Chronic hepatitis B infection induces progressive liver disease. Before nucleos(t)ide analogs (NUCs) became established as a safe and effective treatment for hepatitis B, it was difficult to suppress the activity of the hepatitis B virus (HBV). Currently, many patients with hepatitis or cirrhosis associated with HBV are treated with NUCs for an extended period of time, and the effects, benefits, and limitations of these treatments have been apparent. This article reviews HBV-related cirrhosis, its natural course and survival, histological improvement after NUC treatments, treatment effects for decompensated cirrhosis, the incidence of hepatocellular carcinoma (HCC) after NUC treatments, and the efficacy of NUC treatments before and after the treatment of patients for HBV-related HCC. Of particular interest are the histological improvements, including regression of fibrosis, that have been achieved with NUC treatments. Liver function of patients with decompensated cirrhosis has significantly improved regardless of the type of NUC applied, and treatment with NUCs has reduced the incidence of HCC in cirrhotic patients. However, cirrhosis remains the strongest risk factor for HCC occurrence following NUC treatments, and the long-term cumulative incidence of HCC after NUC treatments remains high. When recurrence does occur, it is important to reconsider the treatment modality according to the degree of improved liver function that was achieved.

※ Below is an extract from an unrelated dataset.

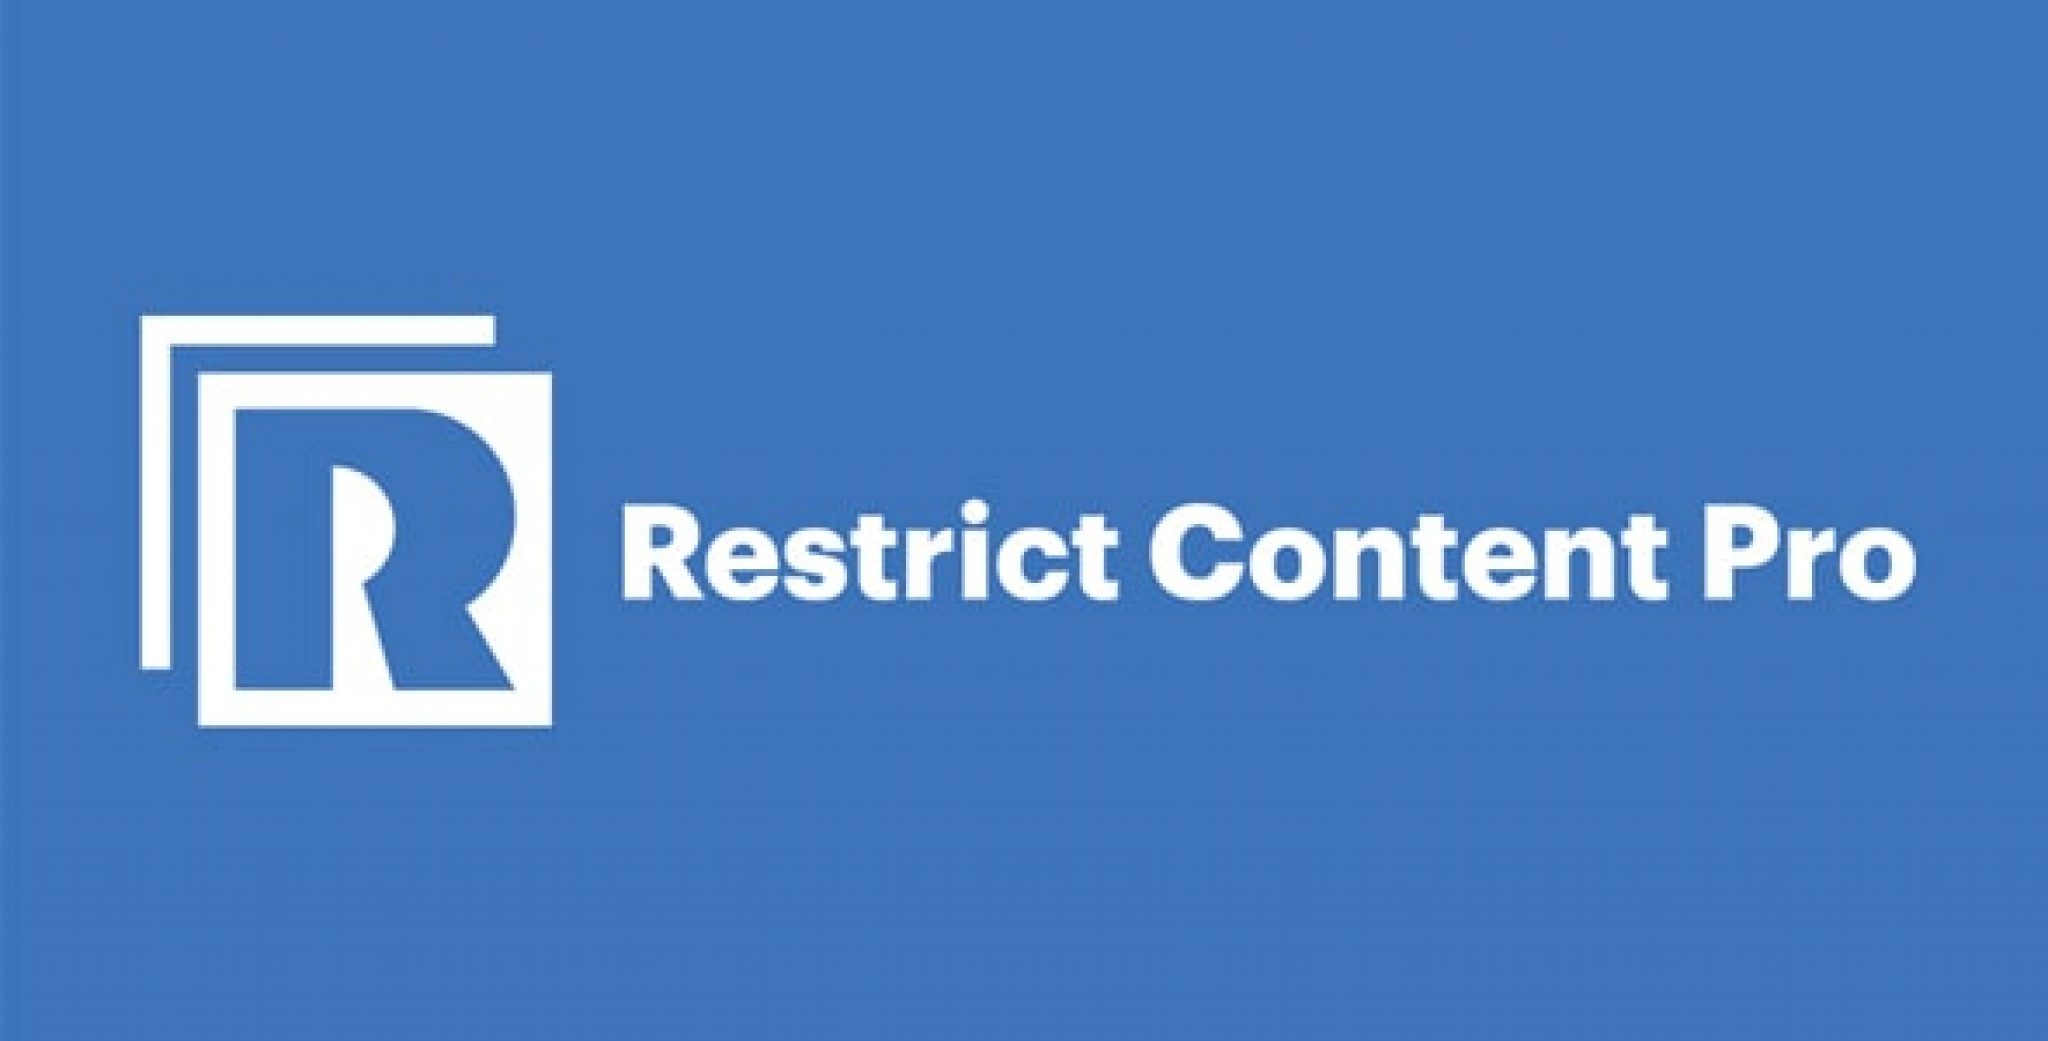 Pro content ru. Restrict. Restrict content Pro Clipart. Restricted content.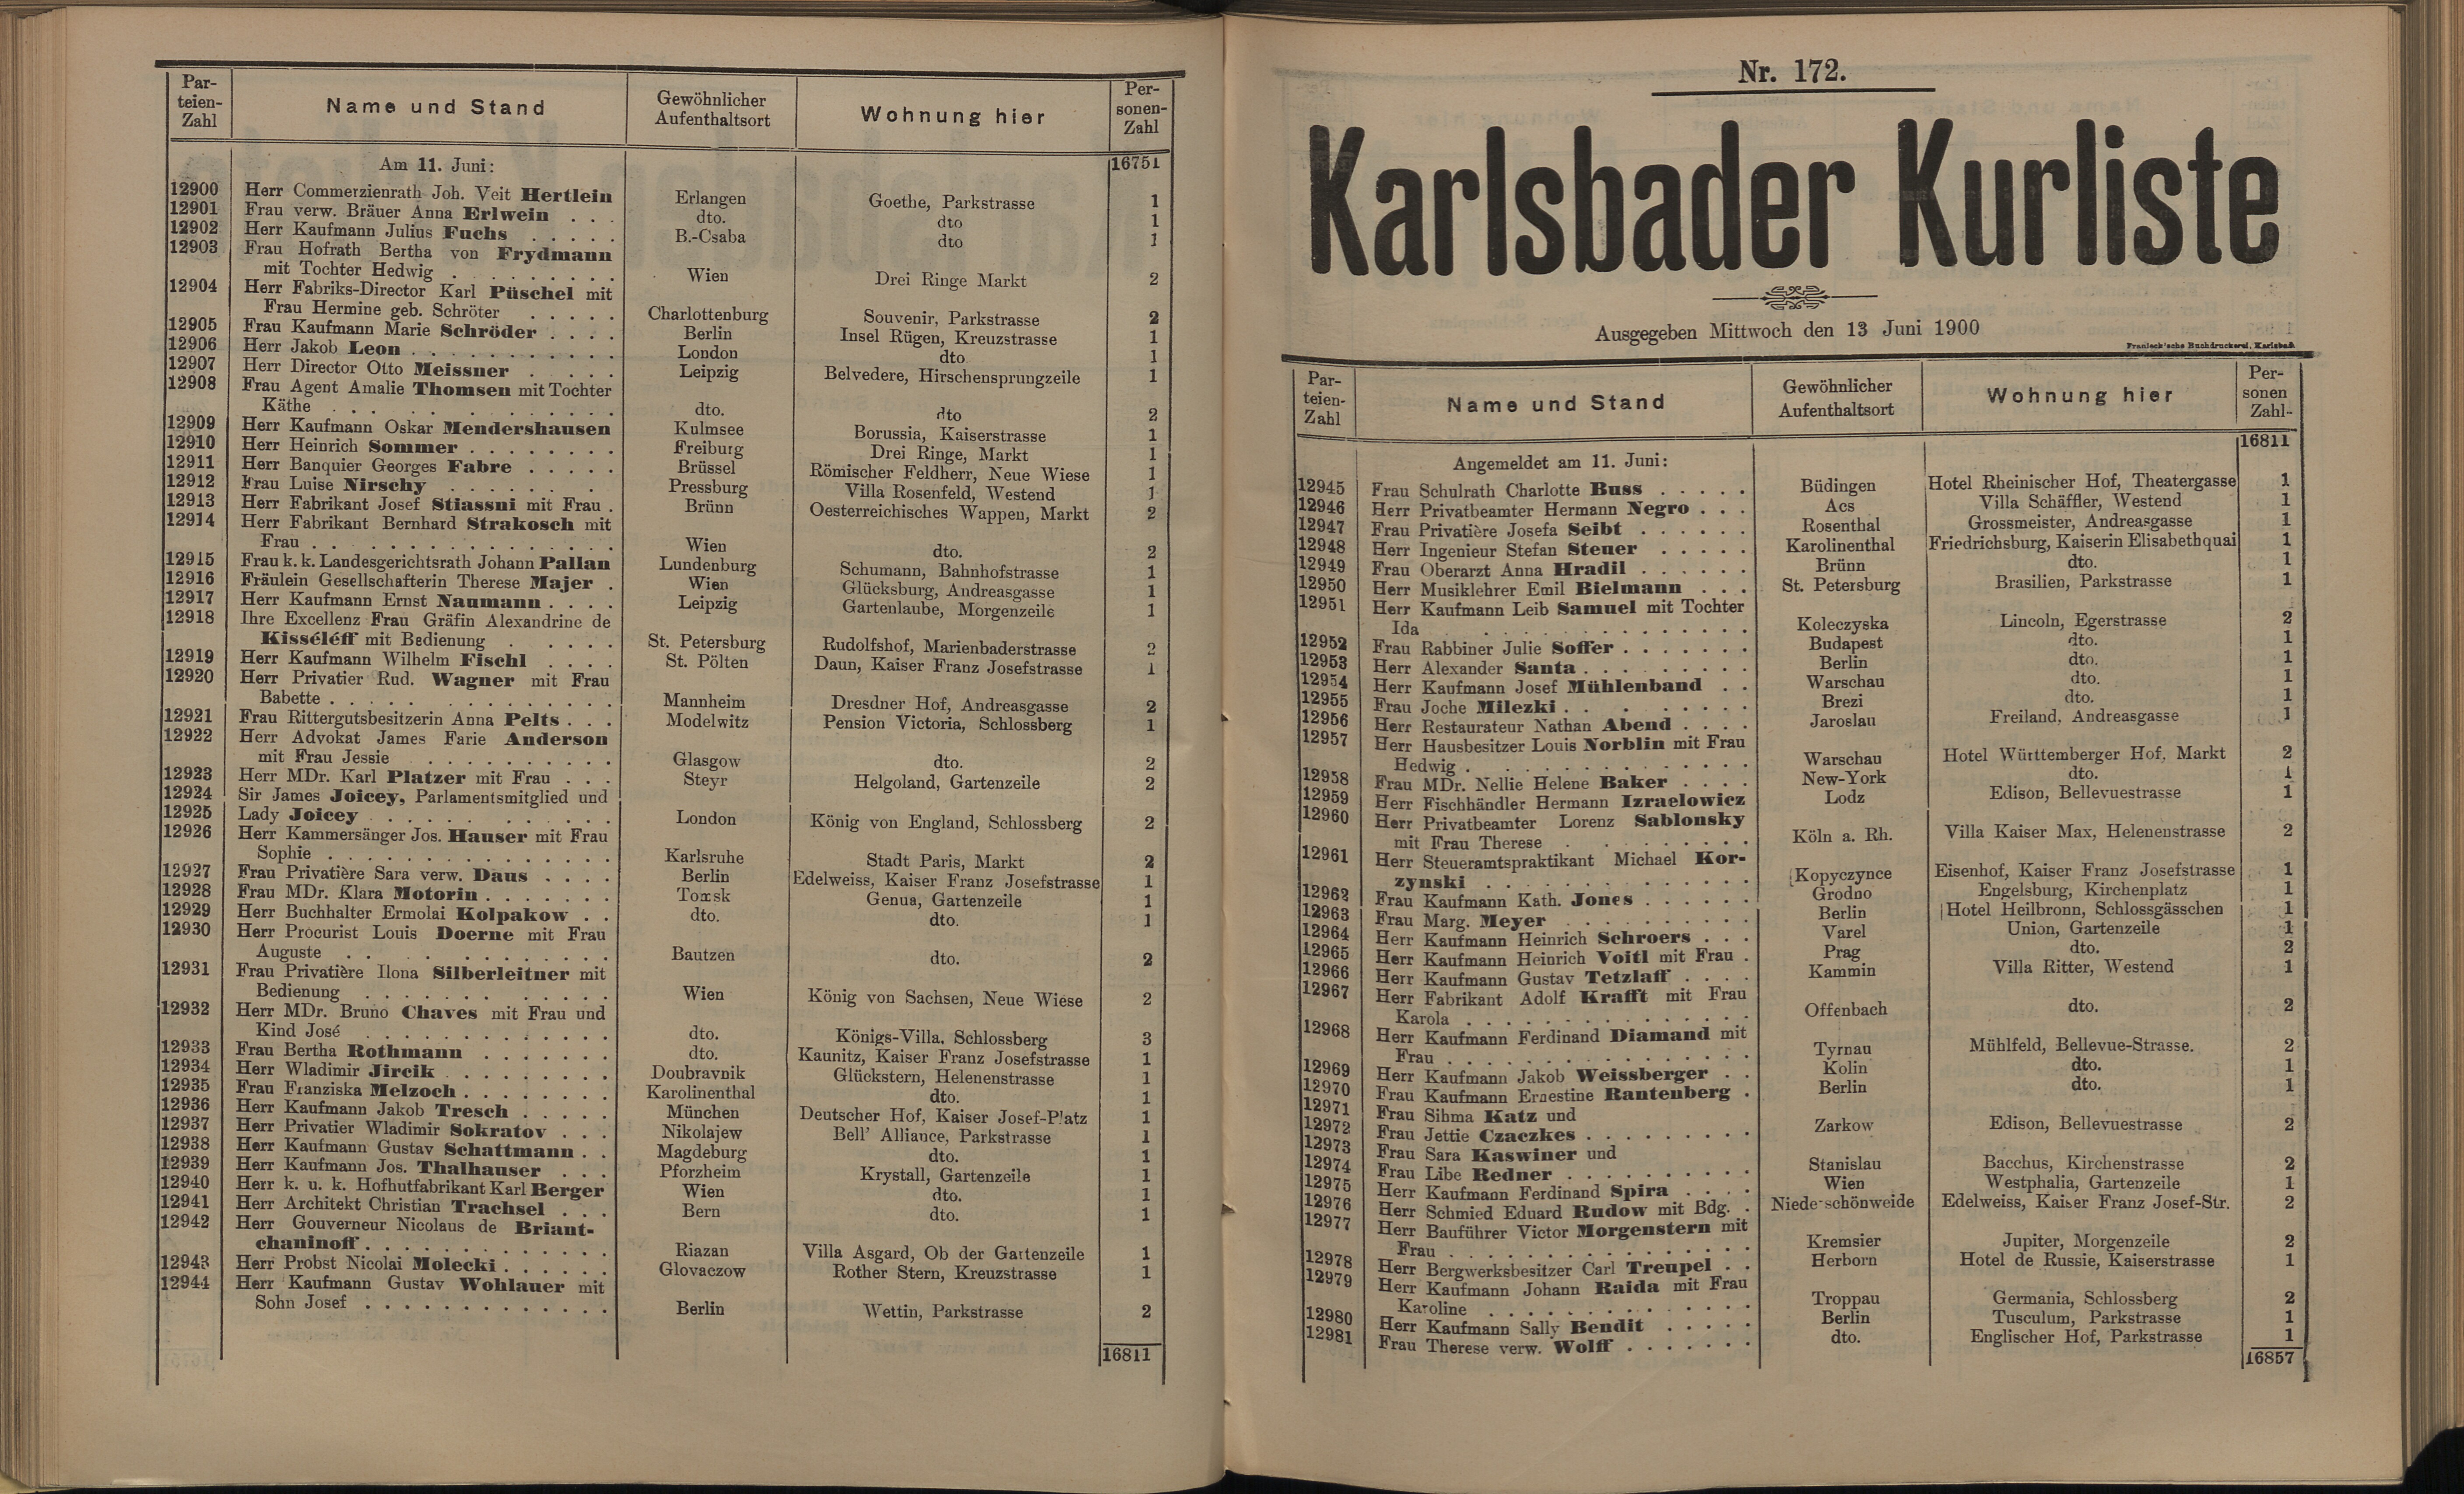 192. soap-kv_knihovna_karlsbader-kurliste-1900_1930

Keywords: Hepatitis B, Nucleos(t)ide analogue, Liver cirrhosis, Lamivudine, Entecavir

Core tip: We presented the benefits of nucleos(t)ide analogs (NUCs) treatments for HBV-related cirrhosis in this article. NUC treatments have been found to improve inflammation and fibrosis in the liver of cirrhotic patients. Moreover, even in patients with decompensated cirrhosis, liver function has improved in many cases. Furthermore, although NUC treatments can reduce the incidence of hepatocellular carcinoma (HCC), rates of HCC remain high in patients with cirrhosis. NUC treatments have been found to improve liver function and the survival of patients with HCC. Improved liver function was also achieved by providing NUC treatments for hepatitis B virus-related HCC when recurrent tumors developed. Therefore, it is important to select the most appropriate treatment method considering the alterations in liver function that may occur following NUC treatments.